[Problem details]
Once you find the line with "商業用BGM(ポップ)の未再生の波形" in the data below, transcribe exactly each line from there to the line with "Ce dont ont", inclusive, and nothing else. Drop the pictures.

[Records for the task]
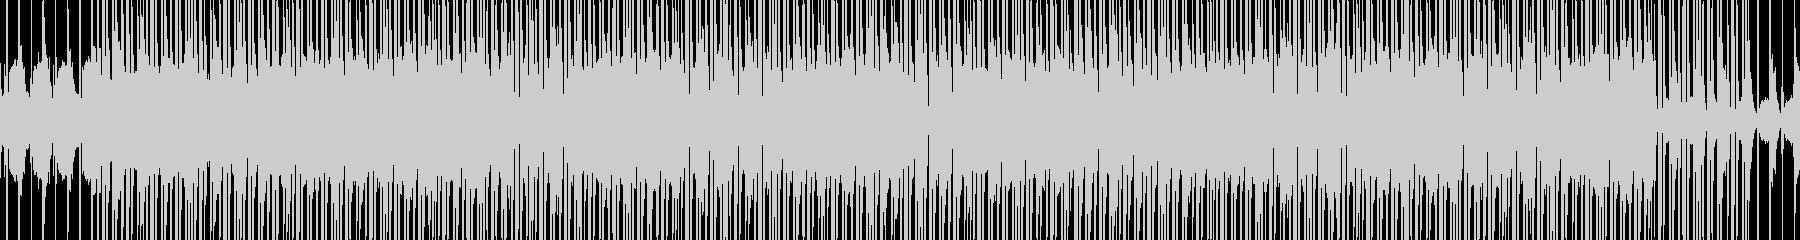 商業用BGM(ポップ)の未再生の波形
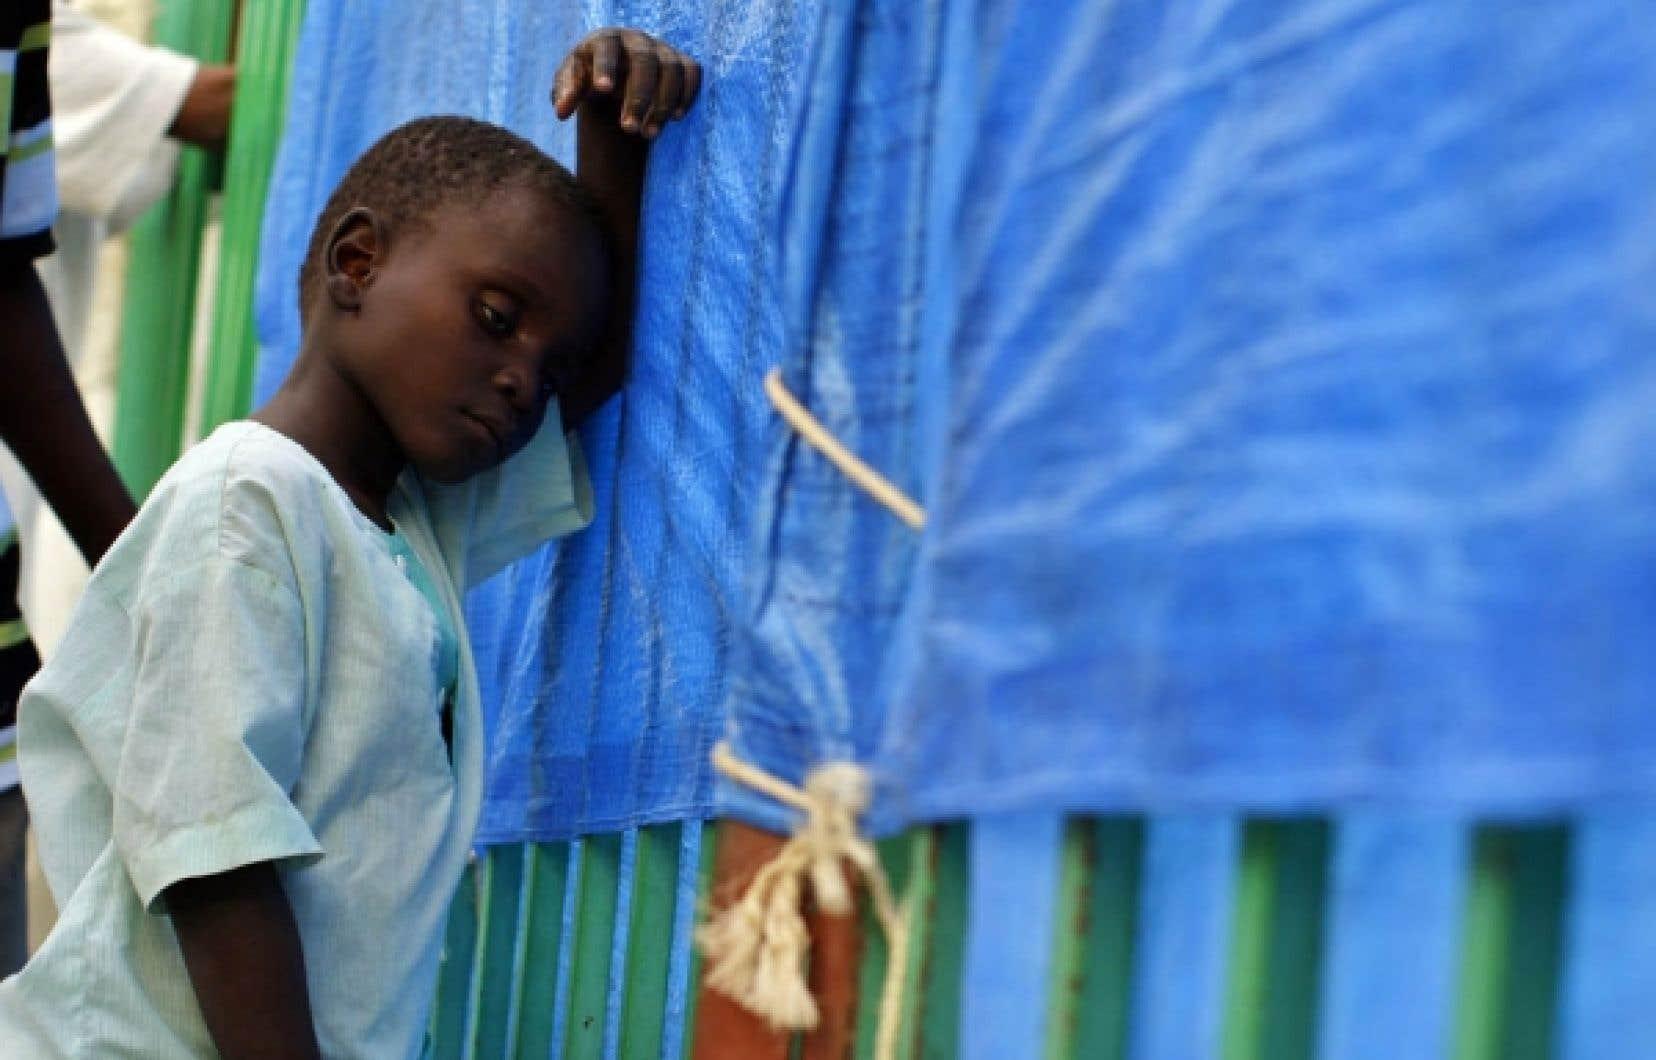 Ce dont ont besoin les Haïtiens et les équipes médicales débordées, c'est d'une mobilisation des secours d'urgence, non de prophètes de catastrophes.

* * *

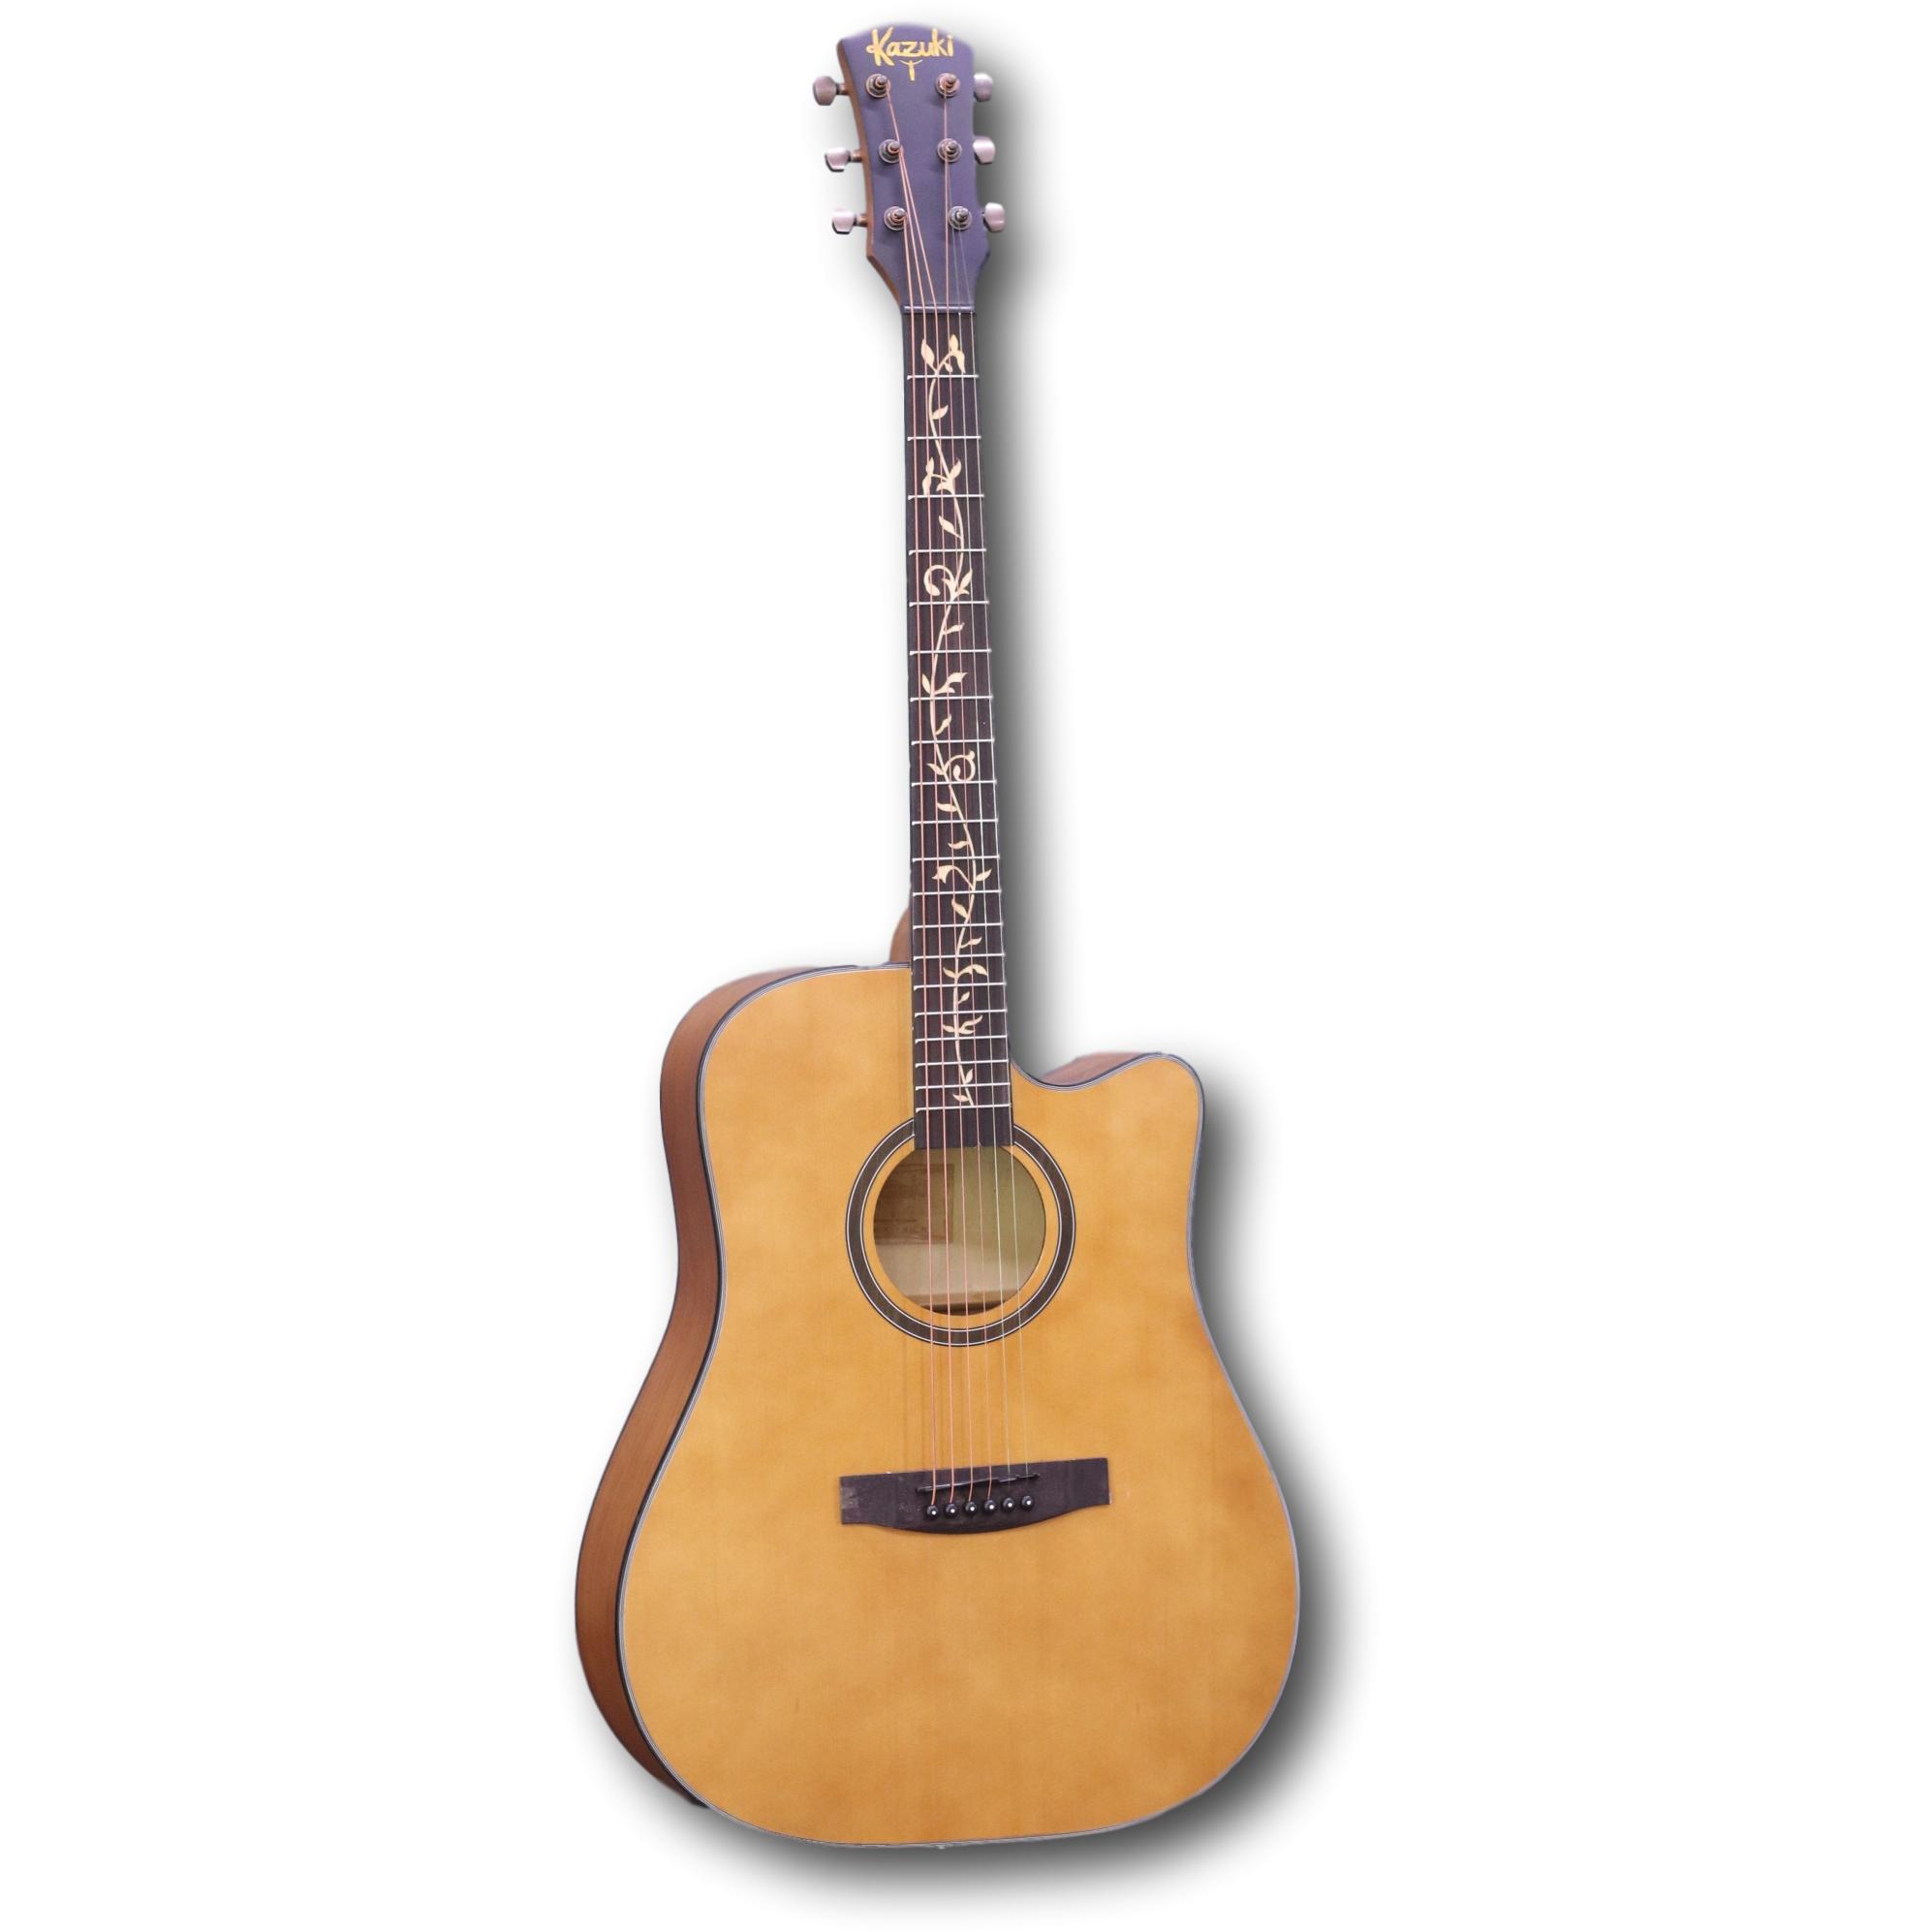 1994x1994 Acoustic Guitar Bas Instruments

[Response to the exercise]
 商業用BGM(ポップ)の未再生の波形
 Ce dont ont besoin les Haïtiens et les équipes médicales débordées, c'est d'une mobilisation des secours d'urgence, non de prophètes de catastrophes.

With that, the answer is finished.